§ Task details
Look through the listing below for the line with "Treniruotės marškinėliai - rožiniai" and the line with "Boliwia, lake". Copy both, along with every line between them, exactly and with no pictures.

§ Material provided
▽
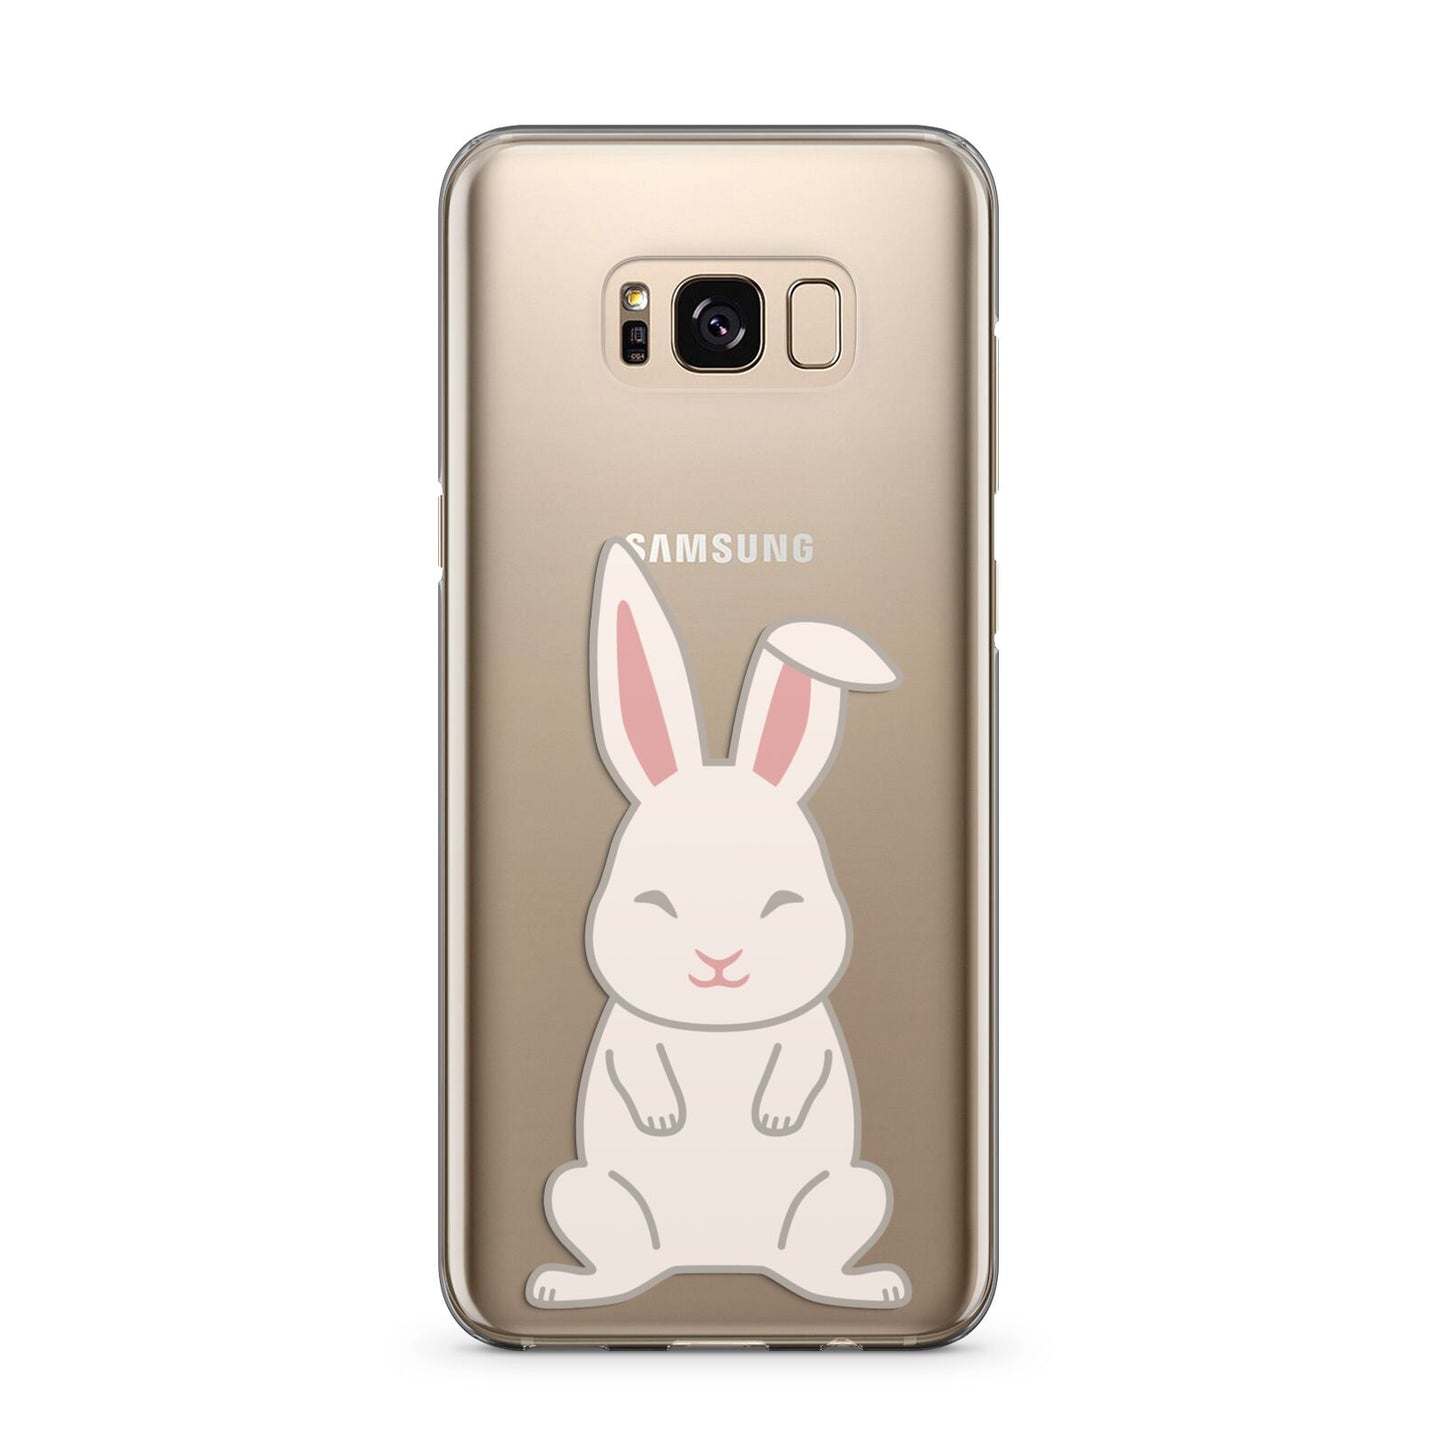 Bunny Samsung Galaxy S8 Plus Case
△
▽
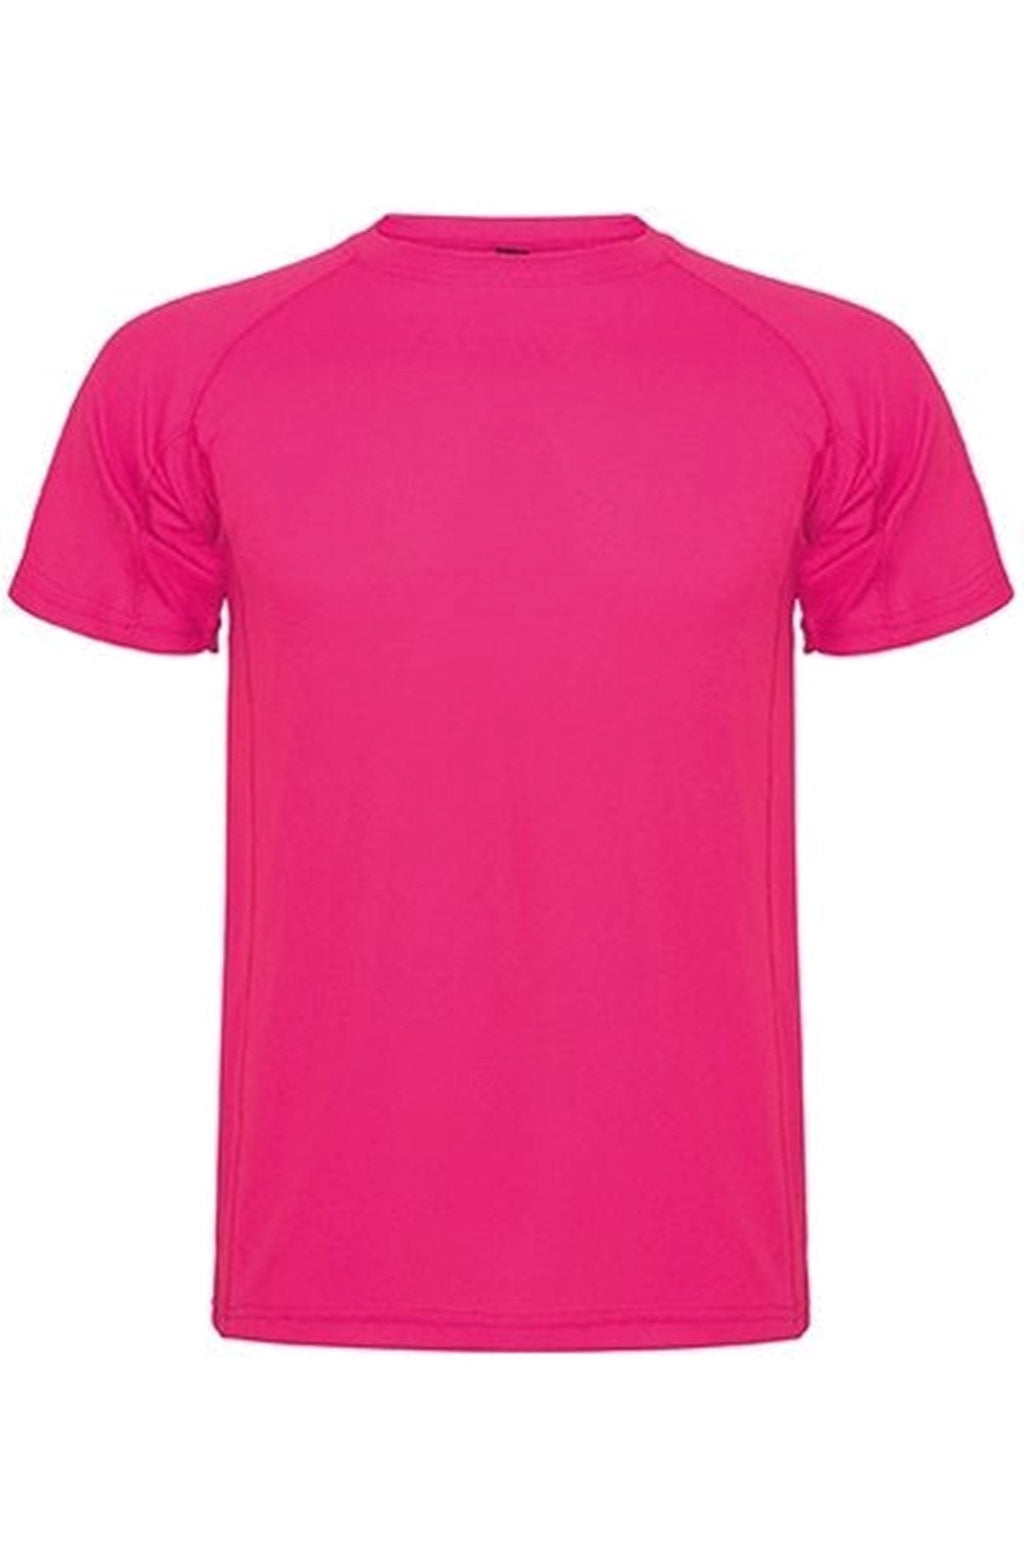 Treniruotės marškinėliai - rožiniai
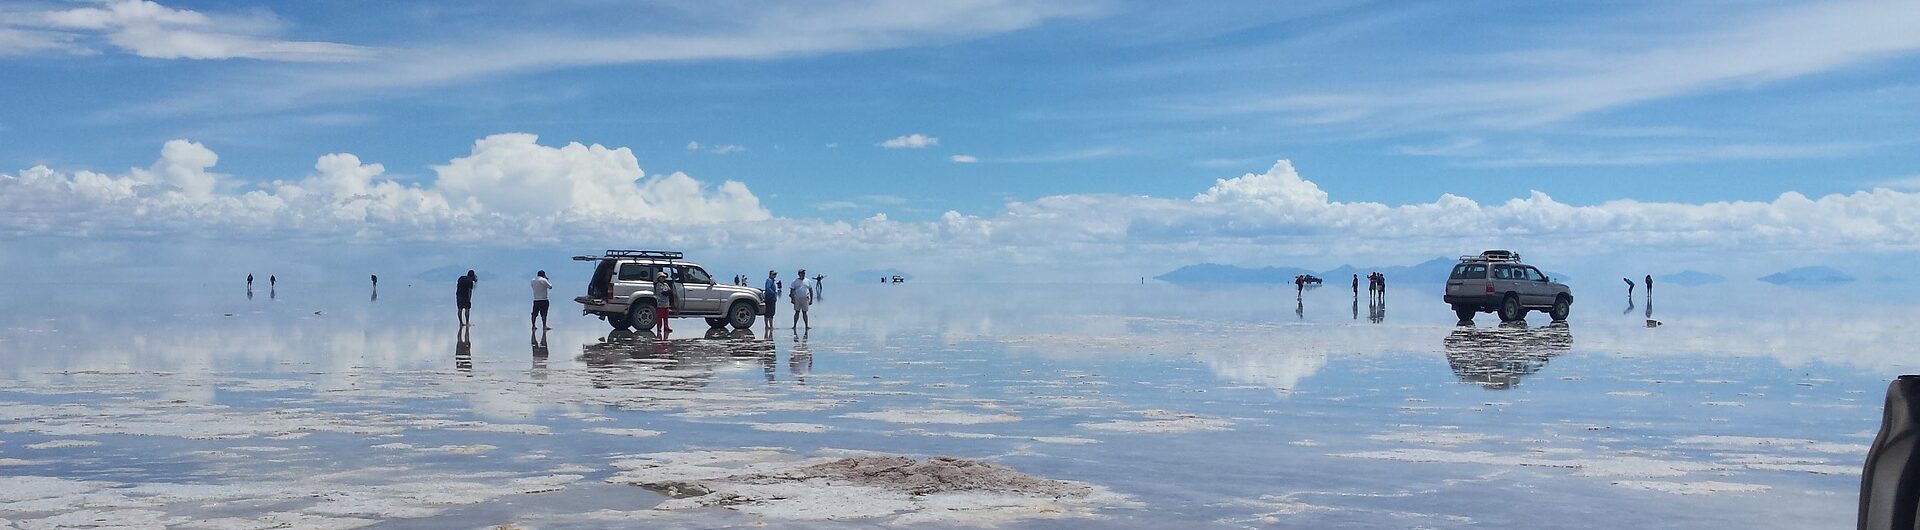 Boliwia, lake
△
▽
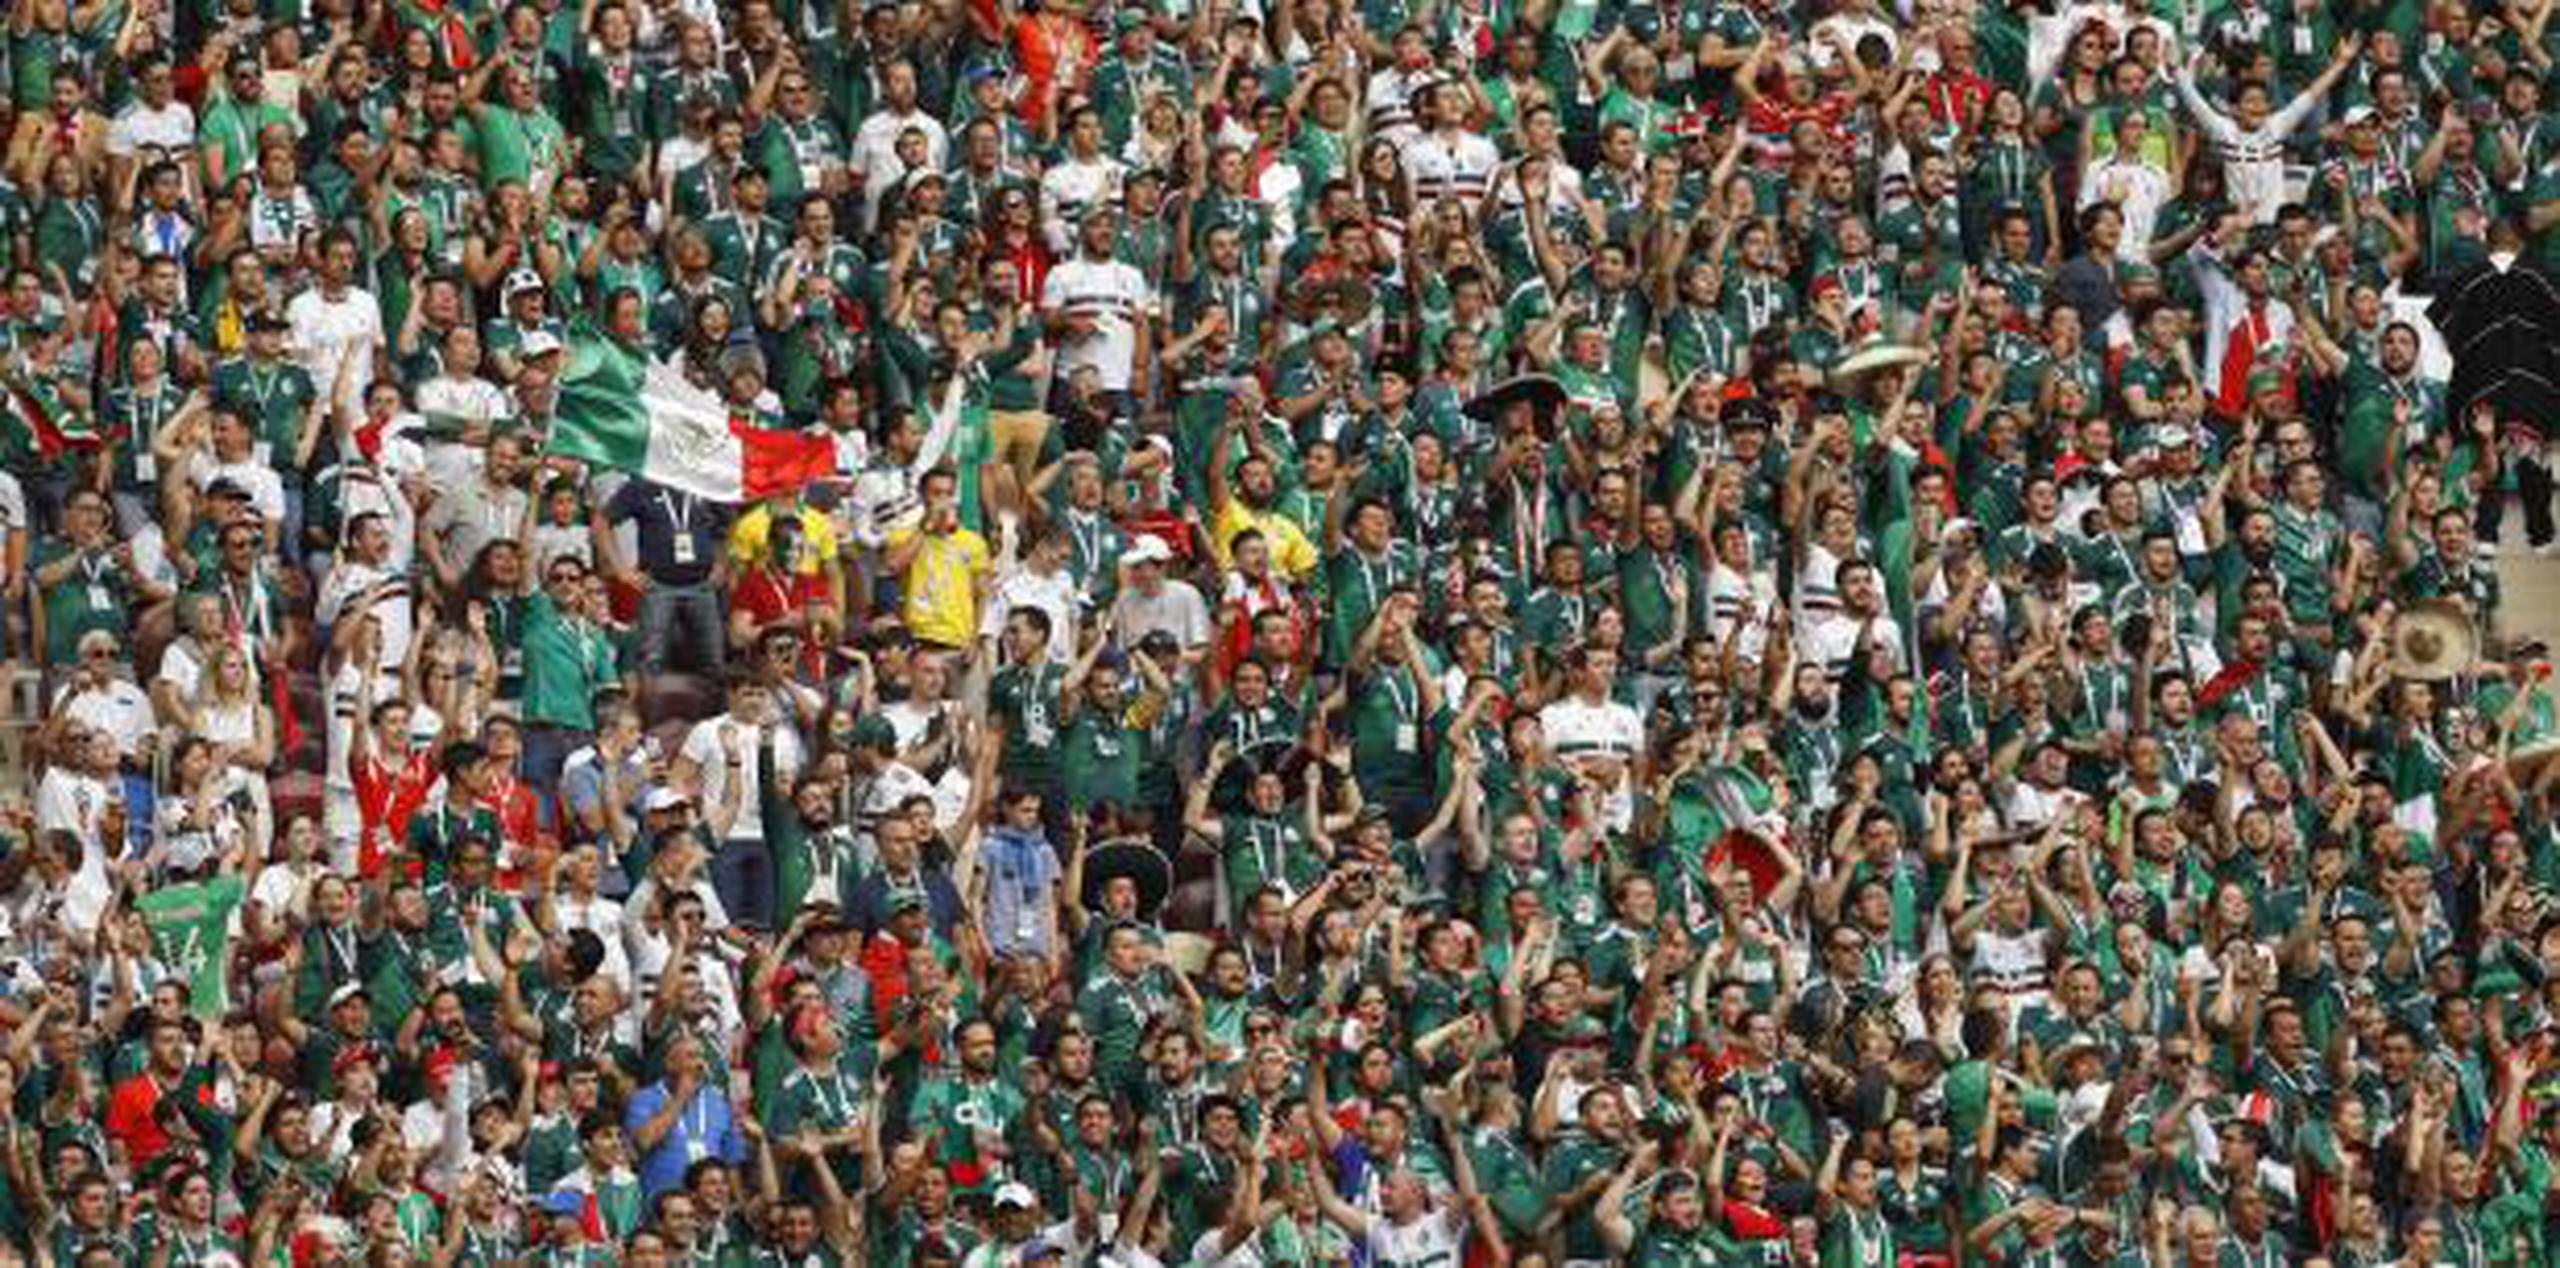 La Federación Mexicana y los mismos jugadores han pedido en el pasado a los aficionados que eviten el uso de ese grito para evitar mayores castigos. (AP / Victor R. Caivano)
△
§ Response for this exercise
 Treniruotės marškinėliai - rožiniai
 Boliwia, lake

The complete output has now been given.